The synthesis of intermediate 2:BrIDTC8CHO: IDTC8CHO (720mg, 0.88mmol) is placed in single port reaction flask In, 5mL methylene chloride is added, is protected from light, ice bath.N- bromo butyryl imines (187.6mg, 1.06 mmol) is dissolved in N simultaneously, In dinethylformamide, and the solution is slowly dropped in reaction flask.It after being stirred overnight, is cooled to room temperature, will react Solution is washed with water, and methylene chloride extracts three times, uses MgSO4It is dry, reaction solution is purified by column chromatography, it is solid to obtain yellow Body BrIDTC8CHO (740mg), yield 93%.1H NMR(400MHz, CDCl3)δ9.91(s,1H),7.64(s,1H),7.41 (s,1H),7.26(s,1H),7.02(s,1H),2.08-1.95(m,4H), 1.90(d,4H),1.12(s,36H),0.84(t, 24H).13C NMR(101MHz,CDCl3)δ183.00(s),155.20 (d),152.52(d),144.57(s),141.42(s), 138.00(s),134.05(s),124.88(s),114.91(s),113.97(s), 113.13(s),54.86(s),54.09 (s), 38.97 (d), 31.81 (s), 29.93 (s), 29.28 (d), 24.20 (d, J=13.2 Hz), 22.64 (s), 14.12 (s),1.06(s).MALDI-TOF-MS(m/z):Calcd for C49H73BrOS2,Exact Mass:820.4,Found: 821.5[M+].

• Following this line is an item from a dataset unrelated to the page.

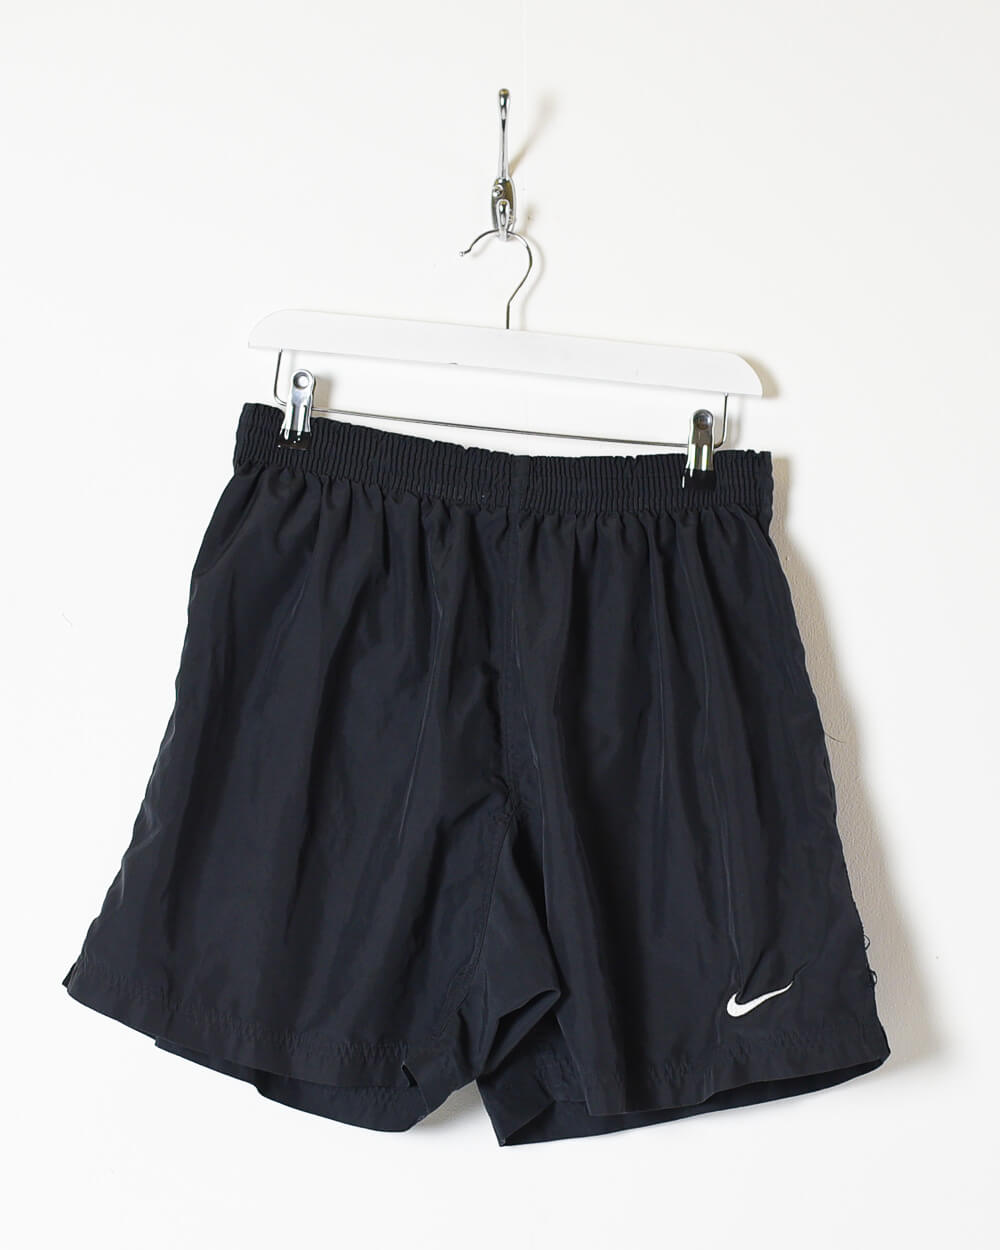 Black Nike Shorts - W34

The synthesis of intermediate 3:BTTIDTC8CH: by three thiophene of BrIDTC8CHO (740mg, 0.9mmol) and benzo (223mg, 0.3mmol), Pd (PPh3)4(30mg, 0.024mmol) is dissolved in chlorobenzene (20mL), substitutes nitrogen, by above-mentioned reaction Object flows back 24 hours at 120 DEG C.After cooling reaction, it is extracted with dichloromethane, uses MgSO4It is dry, purified with column chromatography, is obtained To yellow solid BTTIDTC8CHO (222mg), yield 65%.1H NMR(400MHz,CDCl3)δ9.91(s,3H),7.69(s, 3H),7.65(s,3H),7.45(s,3H),7.36(s,3H), 7.31(s,3H),2.05(d,12H),1.94(d,12H),1.15 (s,108H),0.82(d,72H).13C NMR(101MHz, CDCl3)δ182.89(s),157.22(s),155.21(d), 153.64(s),152.42(s),144.70(s),141.49(s), 139.53(s),137.92(d),134.38(s),132.16 (s),130.12(s),119.62(s),117.22(s),114.88(s), 113.39(s),54.42(s),54.15(s), 53.43(s),39.06(s),31.82(s),29.98(d),29.71(s), 29.53-29.02(m),24.29(d),22.63 (s),14.09(s),1.03(s),0.00(s).MALDI-TOF-MS(m/z): Calcd for C159H222O3S9,Exact Mass:2467.5,Found:2466.6[M+].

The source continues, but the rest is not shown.